I have two dataframes df_1
and df_2
(see dput()
below) that I want to join using a left_join, based on multiple columns. However, I want to perform a successfull join if AT LEAST one of the columns matches, if not more.
I am currently using the code
join <- left_join(df_1, df_2, by = join_by(Txt_y == Txt_x, Head == Tail), keep = TRUE, na_matches = "never", multiple = "warning", unmatched = "drop")
How would I need to adapt join_by()
to get a match if AT LEAST ONE column has a match?
Here is the dput()
for both dataframes:
structure(list(Name_y = c("etwbv", "werg", "sdfg", "qwreg", "gvr",
"wref"), URL_y = c("ewrg", "werg", "asd", "qwe", "gvre", "vrw"
), Txt_y = c("abc", "bfh", "fse", "rege", "wer", "vwr"), Head = c("abc1",
"bfh", "fse", "rege1", "wer", "vwr")), class = "data.frame", row.names = c(NA,
-6L))
structure(list(Name_x = c("etwbv", "werg", "sdfg", "qwreg", "gvr",
"wref"), URL_x = c("ewrg", "werg", "asd", "qwe", "gvre", "vrw"

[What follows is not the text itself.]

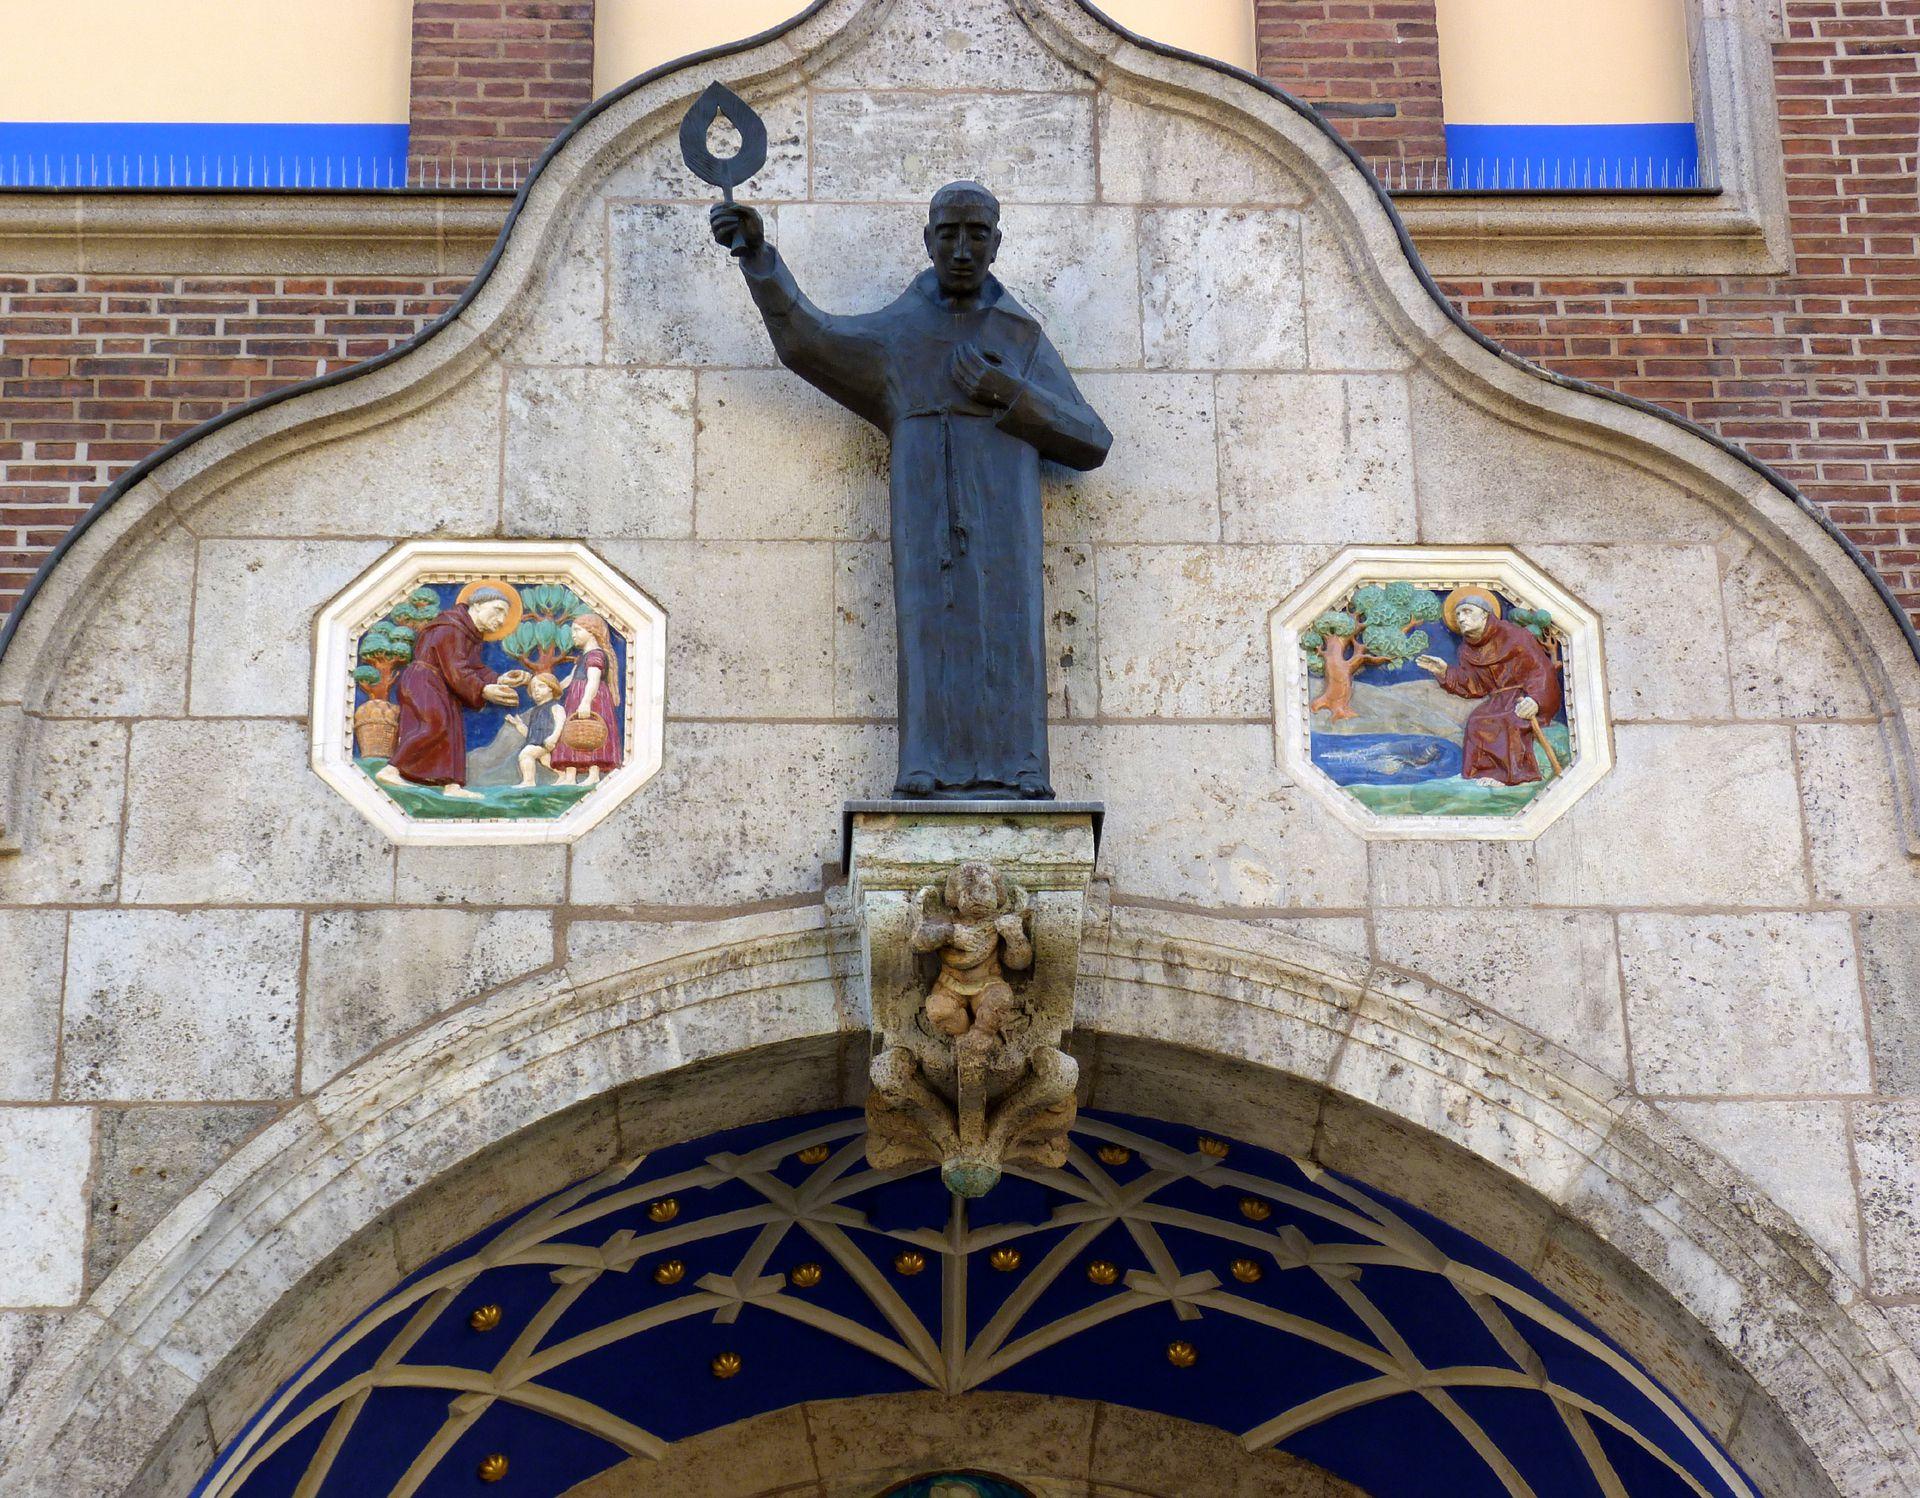 St. Anton Church Entrance hall, curved pediment

), Txt_x = c("abc", "rfwcq", "fse", "wefc", "aefc", "vwr"), Tail = c("abc1",
"bfh", "fse", "wreg", "ecdw", "vwr")), class = "data.frame", row.names = c(NA,
-6L))
And this is what I would like as an output:
Name_y URL_y Txt_y Head Name_x URL_x Txt_x Tail
etwbv ewrg abc abc1 etwbv ewrg abc abc1
werg werg bfh bfh werg werg rfwcq bfh
sdfg asd fse fse sdfg asd fse fse
qwreg qwe rege rege1 NA NA NA NA
gvr gvre wer wer NA NA NA NA
wref vrw vwr vwr wref vrw vwr vwr
With the code above, I currently get NAs for the second row for df_2
, but since there is at least one match between columns Head
and Tail
I would like to get that match into the new dataframe join
. How can I adapt my code to accomplish this?
Using {powerjoin} :
library(powerjoin)
power_left_join(df_1, df_2, by = ~ .x$Txt_y == .y$Txt_x | .x$Head == .y$Tail)

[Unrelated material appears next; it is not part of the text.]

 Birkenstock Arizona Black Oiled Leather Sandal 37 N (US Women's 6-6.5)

#> Name_y URL_y Txt_y Head Name_x URL_x Txt_x Tail
#> 1 etwbv ewrg abc abc1 etwbv ewrg abc abc1
#> 2 werg werg bfh bfh werg werg rfwcq bfh
#> 3 sdfg asd fse fse sdfg asd fse fse
#> 4 qwreg qwe rege rege1 <NA> <NA> <NA> <NA>
#> 5 gvr gvre wer wer <NA> <NA> <NA> <NA>
#> 6 wref vrw vwr vwr wref vrw vwr vwr
Created on 2023-03-16 with reprex v2.0.2
If you have some NAs in some columns used in by
this will fail with the CRAN version.
df_1$Txt_y[1] <- NA
power_left_join(df_1, df_2, by = ~ .x$Txt_y == .y$Txt_x | .x$Head == .y$Tail)

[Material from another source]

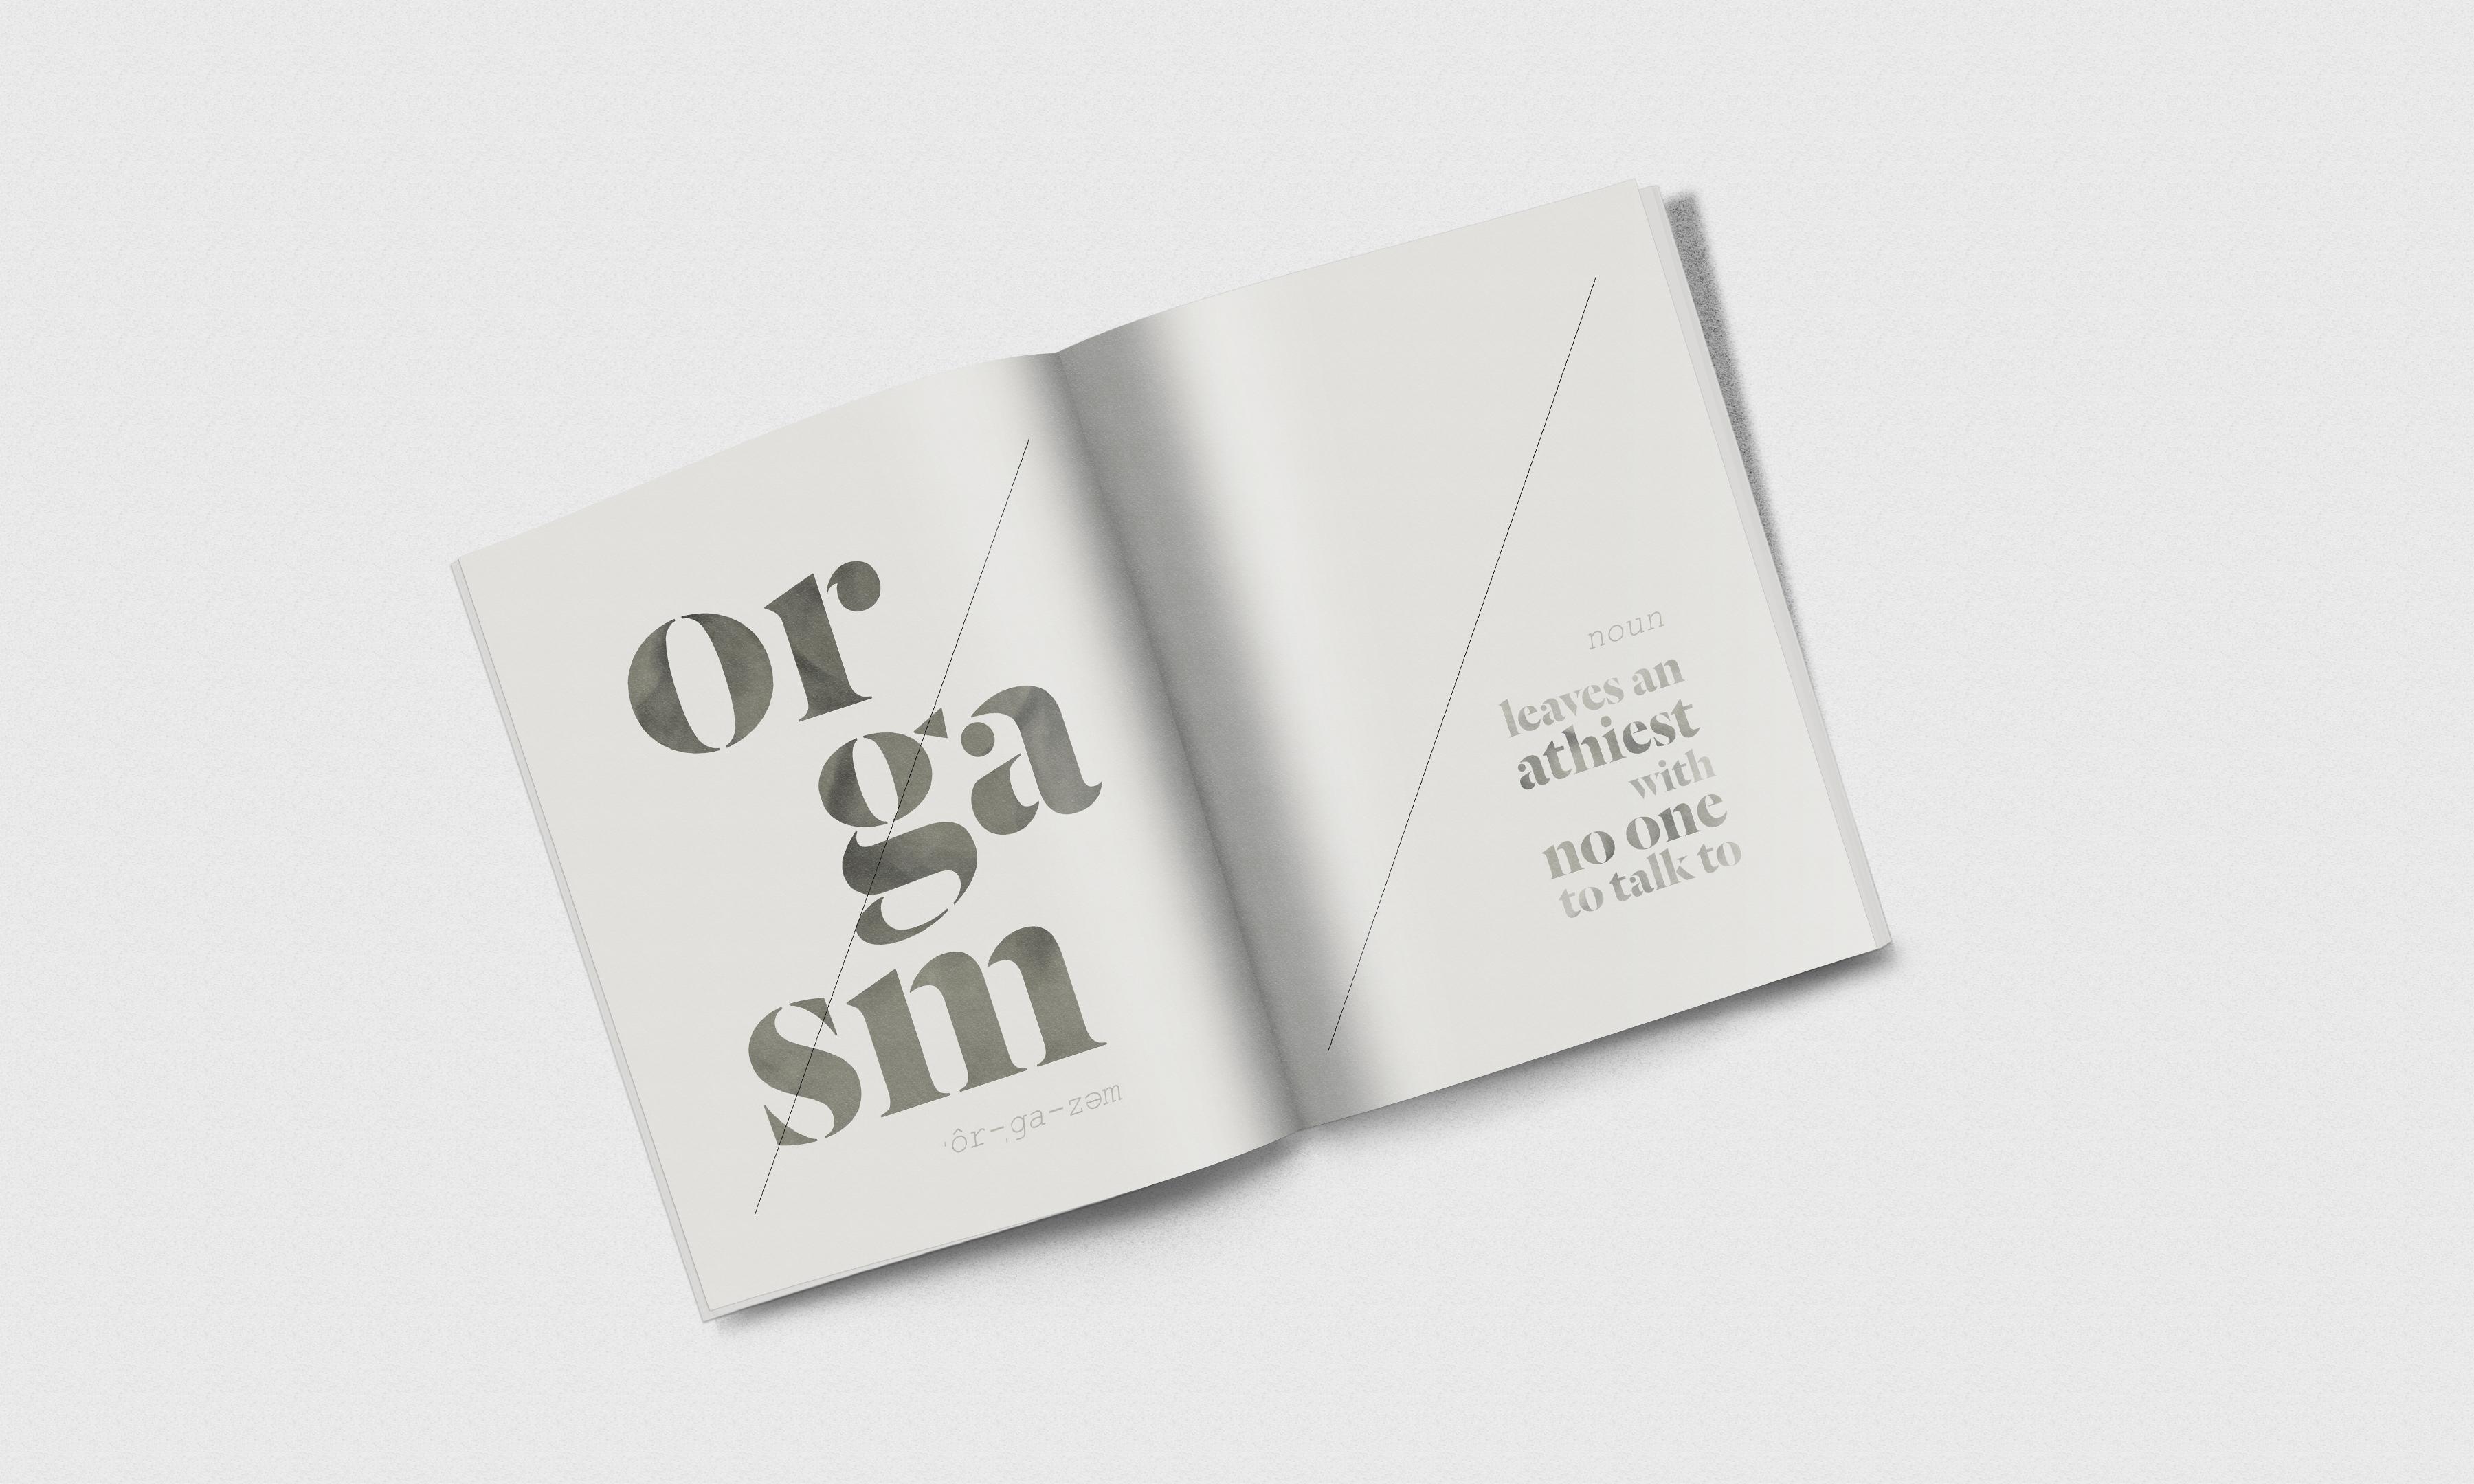 Photorealistic magazine mockup orgasm noun

#> Error in if (sum(m) == 0) {: missing value where TRUE/FALSE needed
You'll need the GitHub version (devtools::install_github("moodymudskipper/powerjoin")
) or the following workaround :
power_left_join(df_1, df_2, by = ~ dplyr::if_else(.x$Txt_y == .y$Txt_x | .x$Head == .y$Tail, TRUE, FALSE, FALSE))
#> Name_y URL_y Txt_y Head Name_x URL_x Txt_x Tail
#> 1 etwbv ewrg <NA> abc1 etwbv ewrg abc abc1
#> 2 werg werg bfh bfh werg werg rfwcq bfh
#> 3 sdfg asd fse fse sdfg asd fse fse
#> 4 qwreg qwe rege rege1 <NA> <NA> <NA> <NA>
#> 5 gvr gvre wer wer <NA> <NA> <NA> <NA>
#> 6 wref vrw vwr vwr wref vrw vwr vwr
I believe it makes sense to dismiss the NAs by default though. So this behaviour might be enhanced in a further version (I'm the author). For sure the error message is not satisfying.